As it stands, these days it seems like I’m always one more bill away from living under an overpass and luxuries are damn near nonexistent. One of the most loved things to go by the way-side was my personal trainer Lewis. In a way, Lewis was a blessing and a curse; the blessing was that I literally have never looked as good in my LIFE as I did over the summer; the curse is that I am totally and utterly unable to workout without him. I promised myself countless times that after the pageant I wouldn’t puff up like an inflating hot-air balloon, but here we are. I knew what a bitch it was to lose that weight but did my stomach listen? Absolutely not. Did I show any real maturity or self control when it came time to eat things like double pasta or baked potatoes the size of my foot? Not remotely.

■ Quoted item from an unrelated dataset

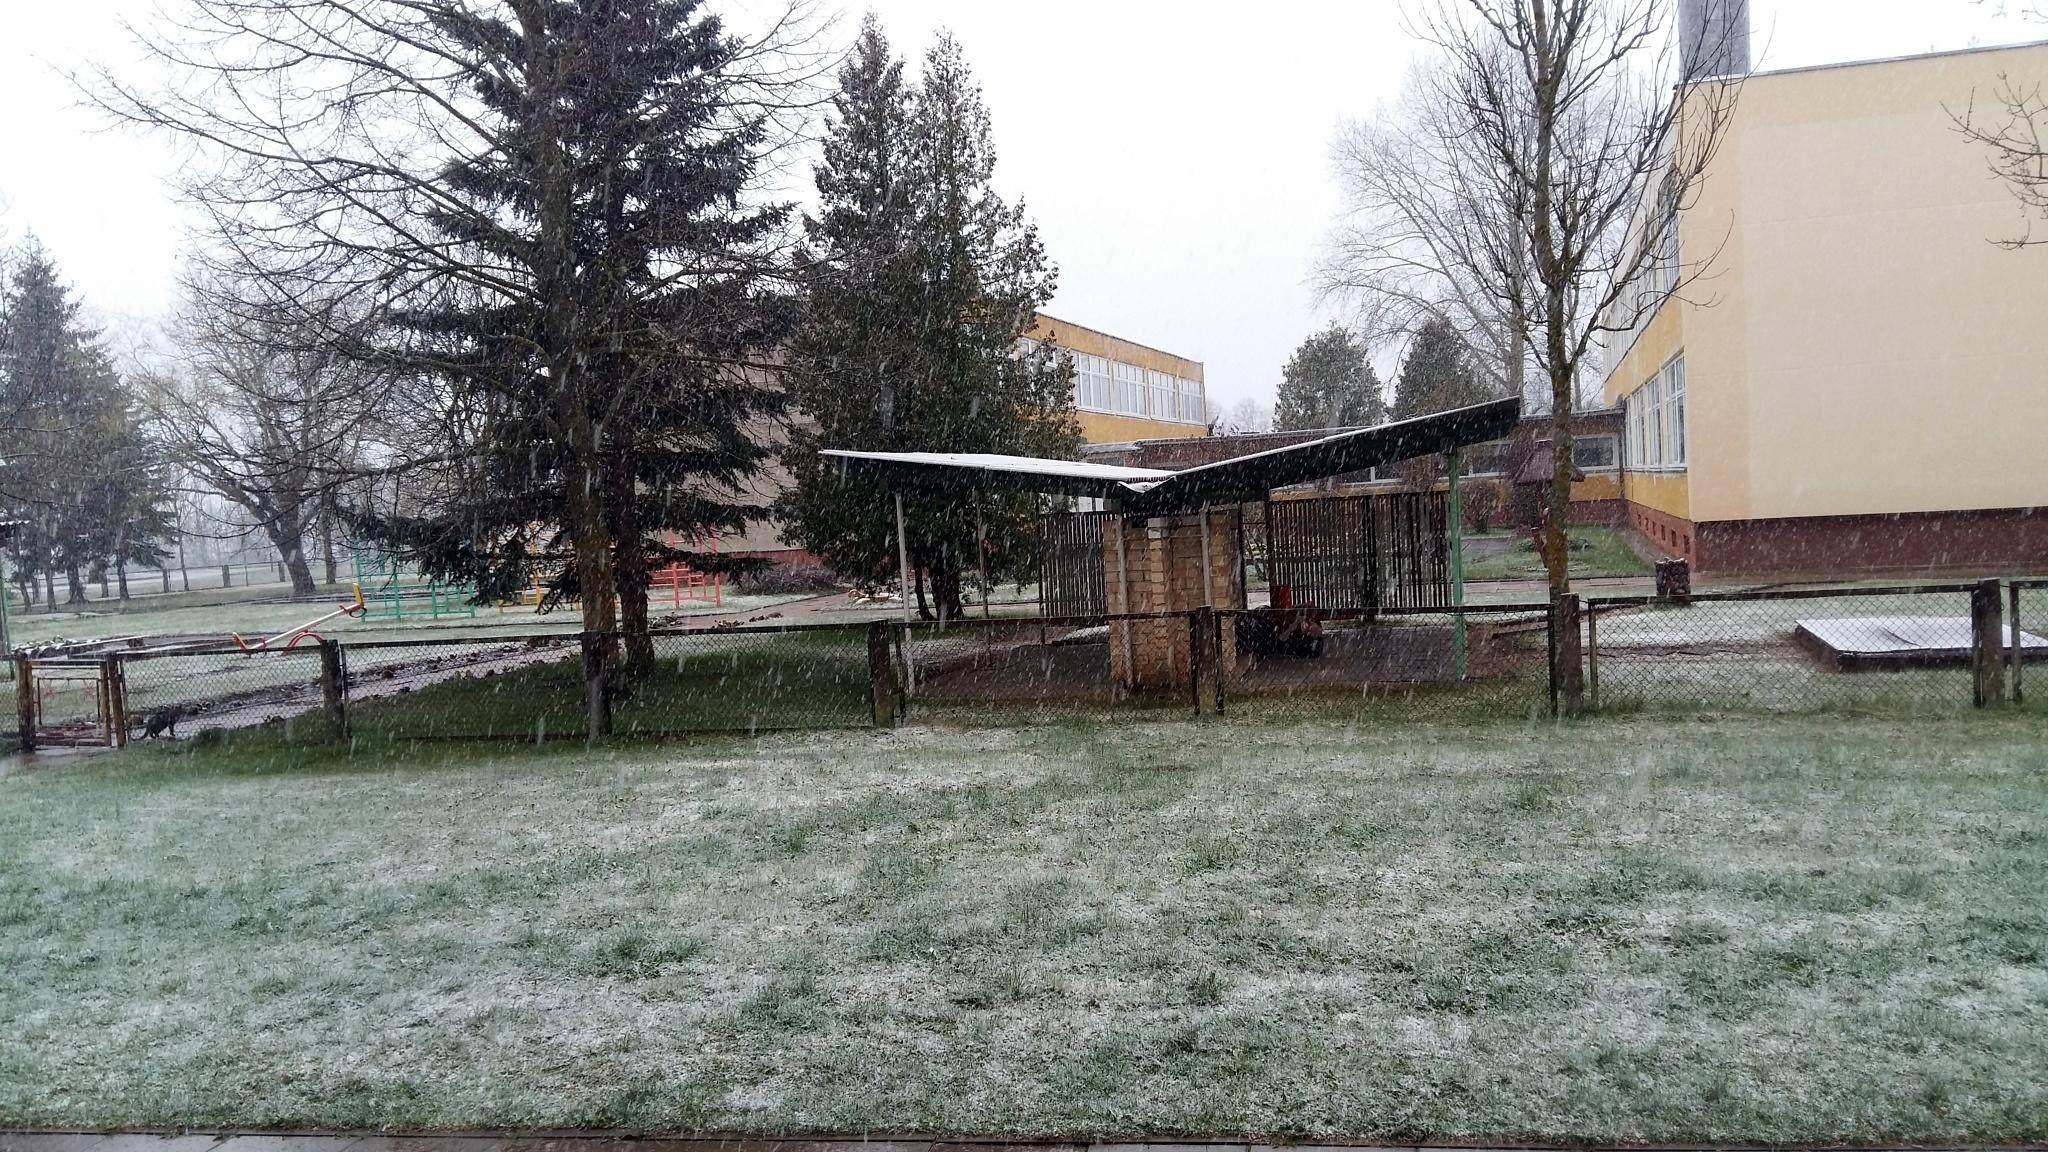 In spring. by uzkuraitiene62

Although I’ve enjoyed every bit of eating and drinking, I don’t enjoy exploding out of the pants that can’t be let out or replaced with a new pair because of said monetary concerns.

It might seem unoriginal as Miss Jen Lancaster did pretty much the same thing in her hysterical best seller “Such a Pretty Fat” (you should buy and read everything she writes because she makes Carlin look like a hack) but I’m going to attempt to document my trails in weight loss while not being able to afford healthy food and a personal trainer all while lacking the ability to ‘just say no’ to beer during Monday night football.